An Advent Poem

The Table

c. 2019 by Cynthia S. Fischer

It is not hard for me
To remember Christ’s suffering.
Via Dolorosa. Adagio for Strings.
His body and blood,
My only food in the Black Days.

When You sent your only
Child with Flesh and Blood and Vernix,
No more to take his hand,
His seat empty.
I never thought about You suffering.

Three NICU babies died here.
Under watch in small glass houses.
“Pseudomonas” they said.
Life milk contaminated.
Perhaps I saw those moms.

Day to day, night to night
They clenched calendars with circled dates.
Their longed-for “Gotcha” Day.
Now keening dreams that will not be.
Their tables bare.

And that Blackest of Days,
Your Son’s body shattered.
Blood poured out.
He died all alone.
Was that your NICU day of death?

I hope those parents find
In all their black sorrows,
Sweet communion with You.
Your Son’s body broken and blood shed.
Tasted their cup, your cup of death.

But for your Blackest Day
The Day of All Suffering,
Wine would not glisten in our weekly chalice.
Bread would not nourish our souls, and
Calendars would never open.

If I squint, I see a circle marking
The Day of the Great Feast.
The table is full. Glasses raised high.
Faintly I hear a lullaby.
Heaven on Earth.

About the poem:

I love G.K. Chesterton’s poem Gloria in Profundis. He cleverly reverses and augments our praise of God at the Incarnation with the words,“Glory to God in the lowest.” Later Chesterton adds,“Outrushing the fall of man, is the height of the fall of God.” Each year these words  remind me not only that God’s ways are beyond our imagination, but that He is a God who “bends down” toward us. He is Emmanuel—our God who lived among us, died for us, was resurrected, and continues to be with us. 

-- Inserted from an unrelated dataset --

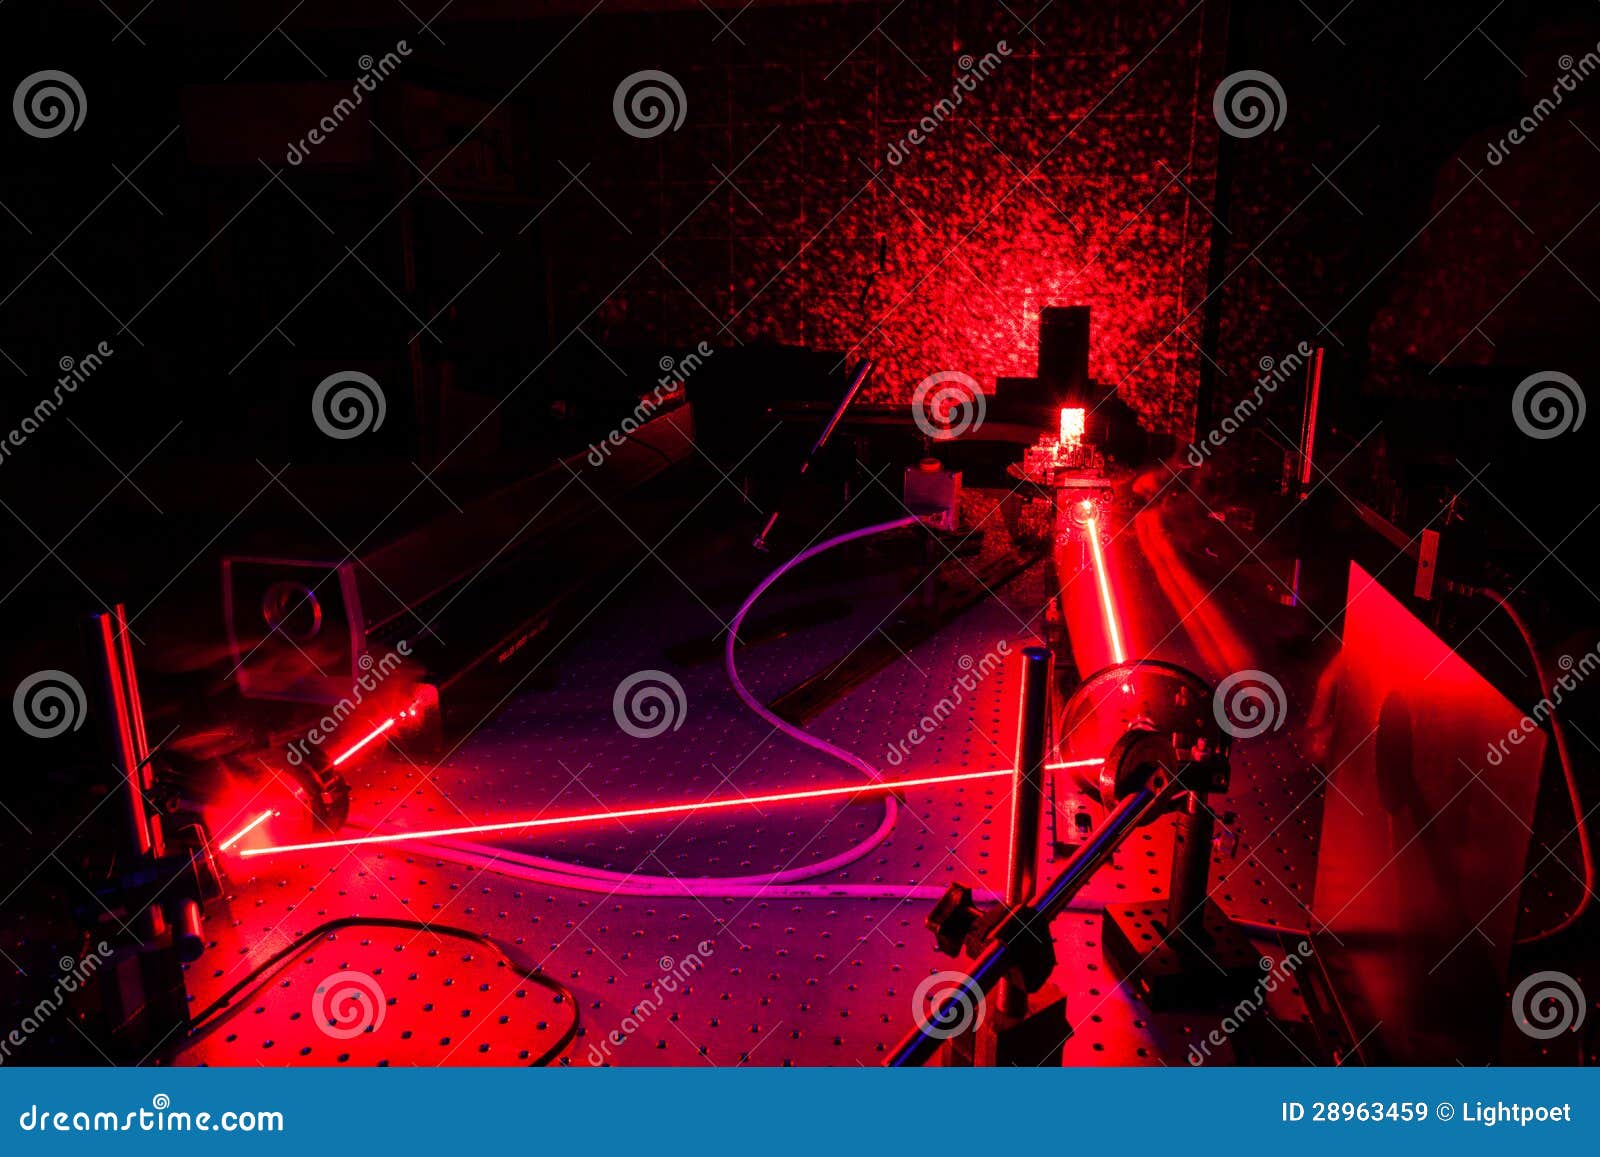 lasers in a quantum optics lab

I re-read another wonderful poem, “A Psalm for Christmas Eve“ by Joseph Bayly. He writes, “I will sing praise to the Father who stood on Heaven’s threshold and said farewell to his Son.”

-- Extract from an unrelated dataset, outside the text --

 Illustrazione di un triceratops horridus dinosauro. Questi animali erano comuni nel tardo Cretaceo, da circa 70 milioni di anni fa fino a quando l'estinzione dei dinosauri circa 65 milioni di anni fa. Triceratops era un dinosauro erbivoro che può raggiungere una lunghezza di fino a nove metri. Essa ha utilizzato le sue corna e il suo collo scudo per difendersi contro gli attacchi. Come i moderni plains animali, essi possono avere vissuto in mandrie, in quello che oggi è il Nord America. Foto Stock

Both of these poems led me to explore what was it like for God the Father to send and be separated from his Son, Jesus Christ.

The Incarnation of Christ is a mystery to us—how God can  be fully man and fully God. Certainly we do not know what it was like for God the day that Jesus became an embryo. But we do know that we are made in God’s image, the Imago Dei. We were designed to image God and surely this includes our emotions. 

Thus, I explored a bit of what it might have been for God to part with his Son. Poems are often possibilities. This is not a theological treatise, but it is a way to revisit the Incarnation, a way to consider anew the story of His coming. I hope for you it is a place to wonder and reflect and to worship our God who gave his only Son for us. 

One more note—I reference the Newborn Intensive Care Unit (NICU) in my poem. Our granddaughter Emily, spent a week in the NICU here. A month after she left, eight babies in the NICU began to get sick and later three died. Bacteria in the donor-milk measuring system was found to be the culprit and the protocol was changed. It was a tragedy that I still consider when I hold Emily.